Federal Representative
- In office 2003–2007
- Constituency: Ika

Personal details
- Born: September 8, 1959
- Died: February 7, 2024 (aged 64)
- Alma mater: Auchi Polytechnic, University of Benin
- Occupation: Politician, Doctor

= Cairo Godson Ojougboh =

Nigerian politician

Cairo Godson Ojougboh (September 8, 1959 – February 7, 2024) was a Nigerian politician and medical doctor. He represented the Ika Federal Constituency of Delta State in the National Assembly.

== Early life and education ==
Ojougboh was born to Chief Corlenso Ojougboh and Mrs. Angelina Ojougboh in Ika South, Delta State. He completed his early education at Pilgrims Baptist Primary School and graduated from St. Columba’s Grammar School in 1976. He then attended Auchi Polytechnic before earning a Bachelor of Medicine, Bachelor of Surgery (MBBS) degree from the University of Benin in 1985.

== Political career ==
Ojougboh's political career began with his role as chairman of the Alliance for Democracy (AD) from 1998 to 1999. He later represented Ika Federal Constituency of Delta State in the House of Representatives from 2003 to 2007. From 2007 to 2011, he served as presidential liaison officer to the president on the National Assembly and as special assistant to the president on National Assembly matters. From 2013 to 2015, he was chairman of the Nigeria Export Processing Zones Authority (NEPZA).

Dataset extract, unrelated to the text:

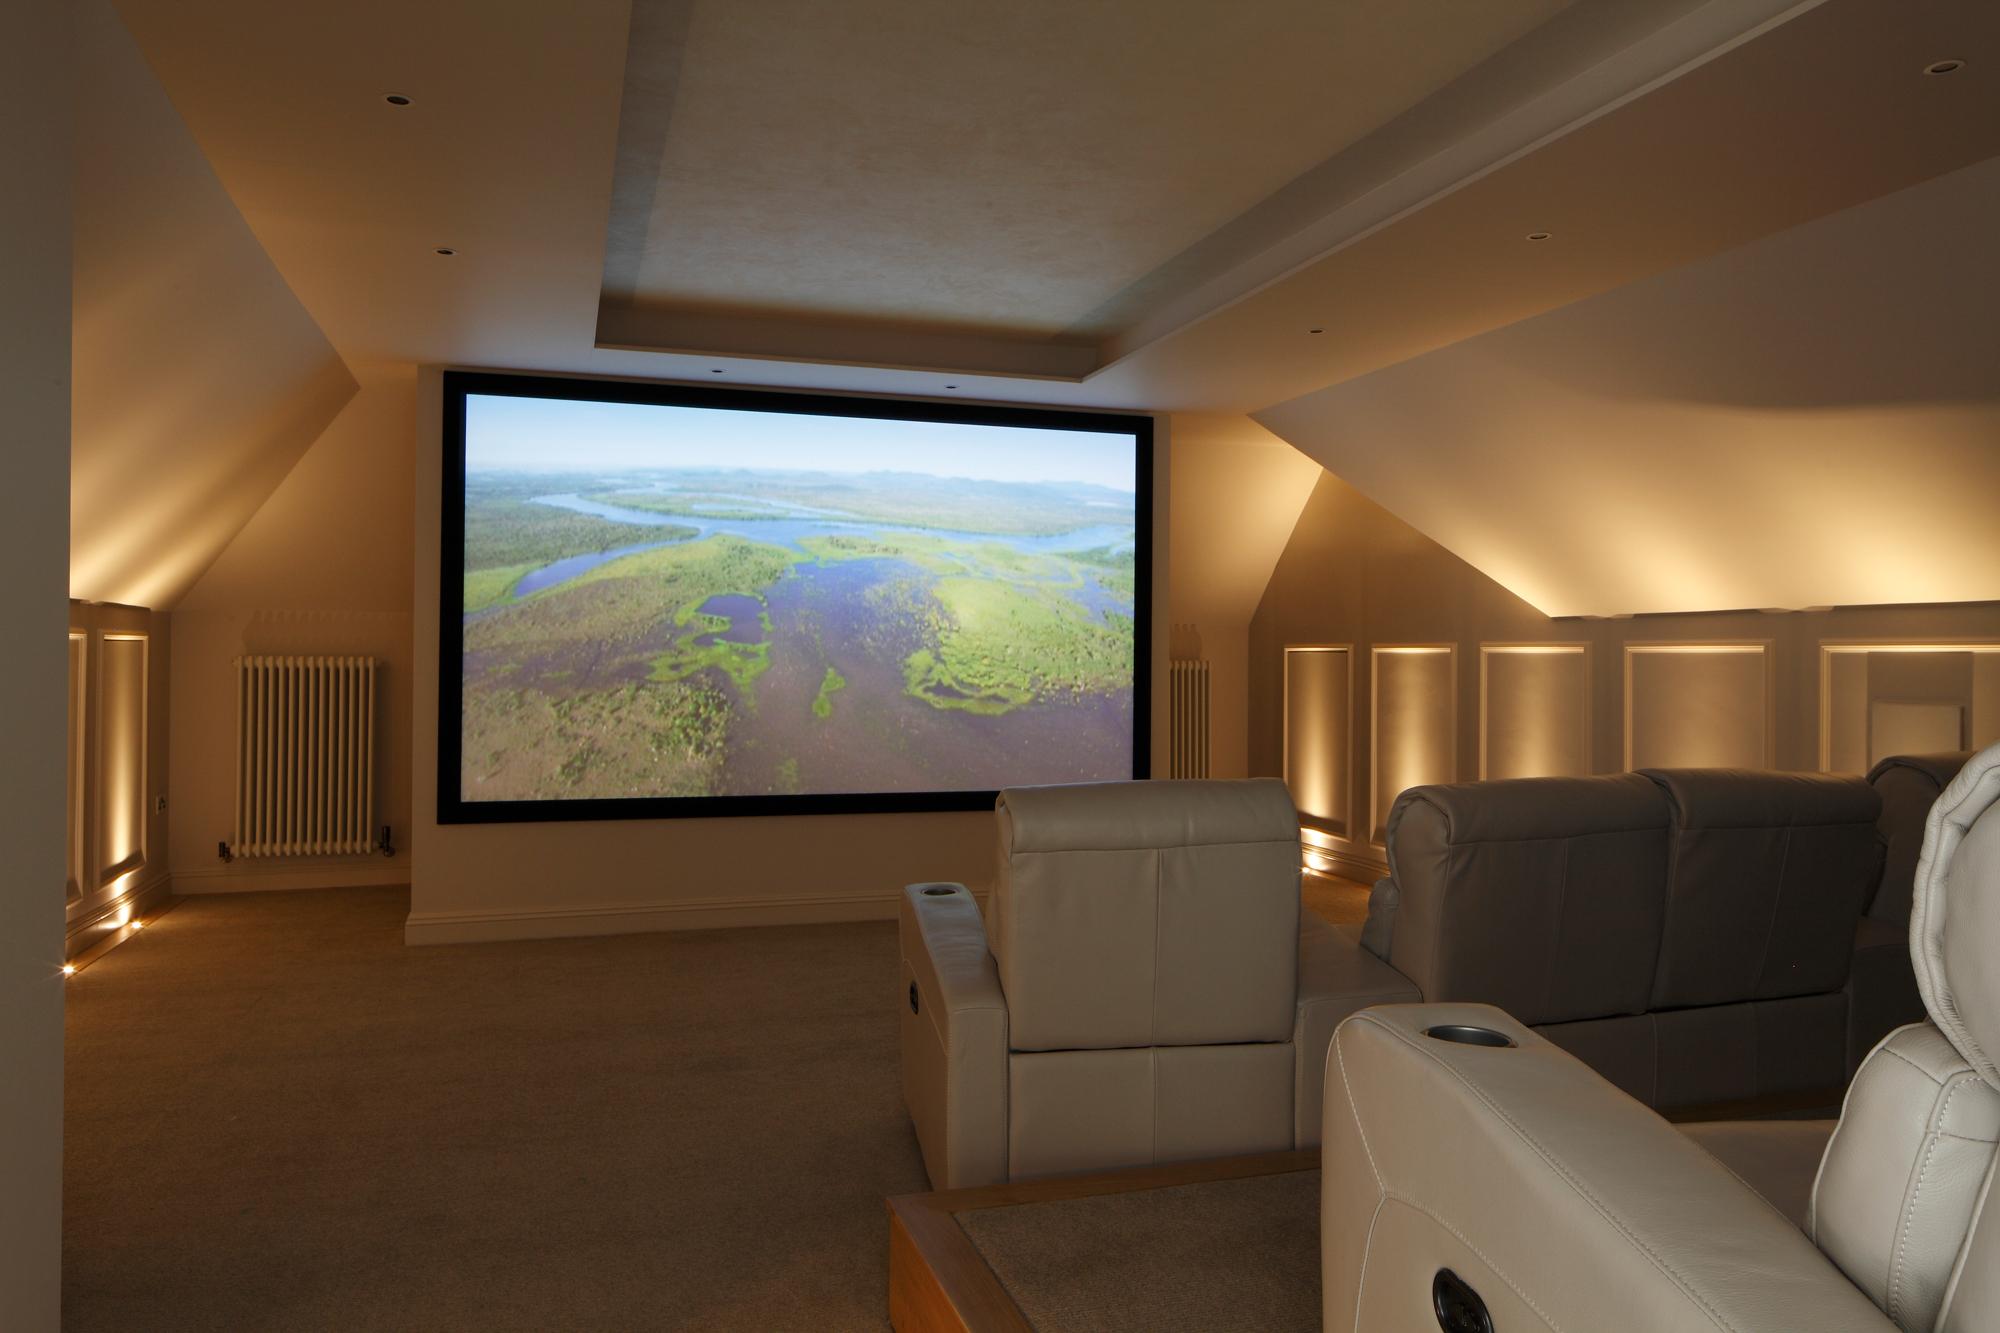 Loft Conversion Home Cinema Surrey New Wave Av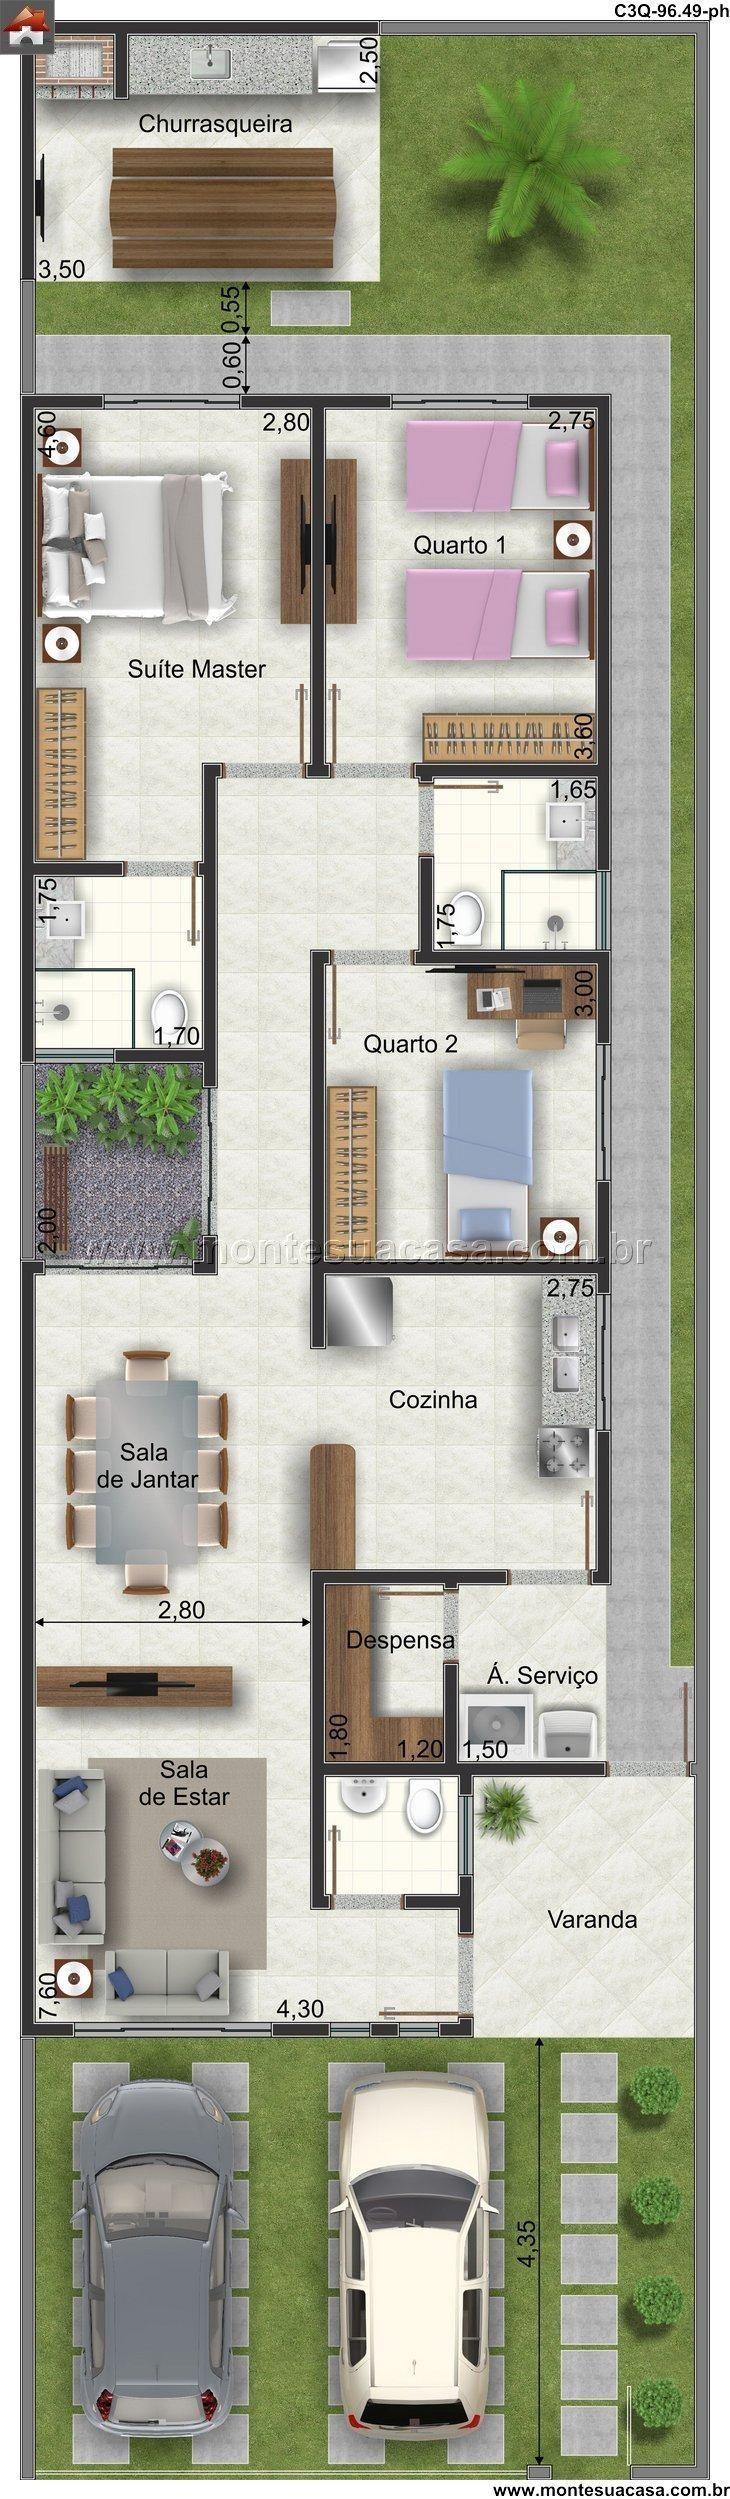 147 Excellent Modern House Plan Designs Free Download  Https://www.futuristarchitecture.com/4516 Modern House Plans.html #houseplan

As a member of the People's Democratic Party (PDP), he held various positions within the party, including national vice chairman and chairman of the South South region from 2014 to 2016, and deputy national chairman from 2016 to 2017. He also served as political adviser to Chief Edwin Kiagbodo Clark and as executive secretary of the National Unity Group (NUG).

In 2019, Ojougboh ran for governor of Delta State under the All Progressives Congress (APC).

== Death ==
Ojougboh died on February 7, 2024, at the age of 64 after suffering a heart attack during the Africa Cup of Nations (AFCON) semi-final match between Nigeria and South Africa.